Jenn’s stomach churned and she swallowed hard as she could hear the reporter outside. Her mother stood in the bathroom behind her, and both of them caught each other’s eyes through a scratched and corroded mirror. Layla was curling Jenn’s hair, and wisps of steam rose between them.

“My little girl,” Layla beamed. “A real hero! I’m so proud of you.”

Jenn then glared downward; her features drained of color. “Mama?” she asked through pressed lips.

“Hmm?” her mother answered as she pulled at a curl in Jenn’s hair with the curling iron.

“It was my fault,” Jenn said.

Layla stopped what she was doing. “What baby?”

“The wreck,” Jenn answered at a whisper. “It was my fault.”

“Of course it wasn’t your fault,” her mother answered, taking her attention off the curl and looking at Jenn through the mirror. “How could it be?”

Jenn reached for her mother’s hand and looked at her with forlorn eyes. She then explained to Layla what happened, how she and Pete were playing near the highway, how Pete threw the rock and they hid, but she said throwing the rock was her idea. She gulped as the lie left her lips. She hadn’t spoken to Pete since the incident. He hadn’t left his house. But just the brief mention of his name sent a cold chill through her body. Maybe if she took responsibility, it would ease her guilt.

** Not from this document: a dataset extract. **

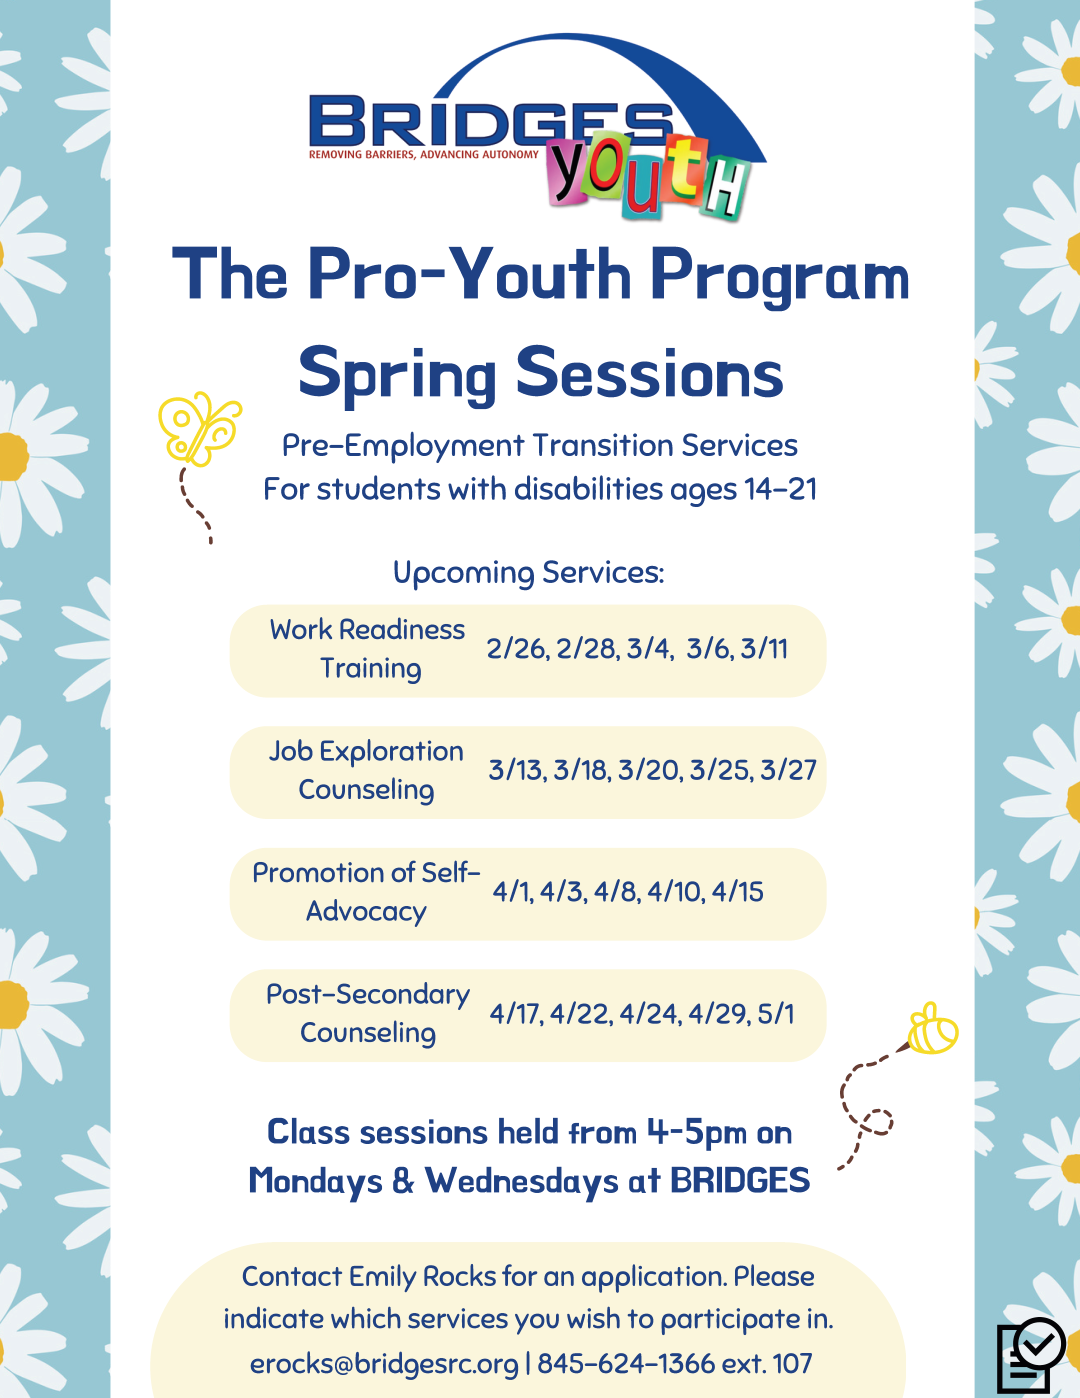 The Pro-Youth Program Spring Sessions, Pre-Employment Transition Services for students with disabilities ages 14 to 21. Upcoming Services: Work Readiness Training, February 26 and 28, March 4, 6, and 11. Job Exploration Counseling, March 13, 18, 20, 25 and 27. Promotion of Self Advocacy, April 1, 3, 8, 10, and 15. Post-Secondary Counseling, April 17, 22, 24, 29, and May 1. Class sessions held from 4 to 5 P-M on Mondays and Wednesdays at Bridges. Contact Emily Rocks for an application. Please indicate which services you wish to participate in. ERocks@BridgesRC.org | 845-624-1366 Extension 107.

After she told her story, Jenn was silent and waited for her mother’s reaction.

Layla’s eyes glazed over as she became lost in thought. She said nothing; she didn’t look angry. At least, not right away. Layla smiled a forced, tight-lipped smile.

“Am I going to be punished?” Jenn asked.

Layla turned her daughter by the shoulders to face her. She pinched Jenn’s chin, her smile was cautious yet unwavering.

“Let’s not talk about that now,” Layla said. She reached for Jenn’s quivering hand and walked with her to the front door. Layla kept her daughter close as she reached for the doorknob and said, “Smile for the cameras honey.”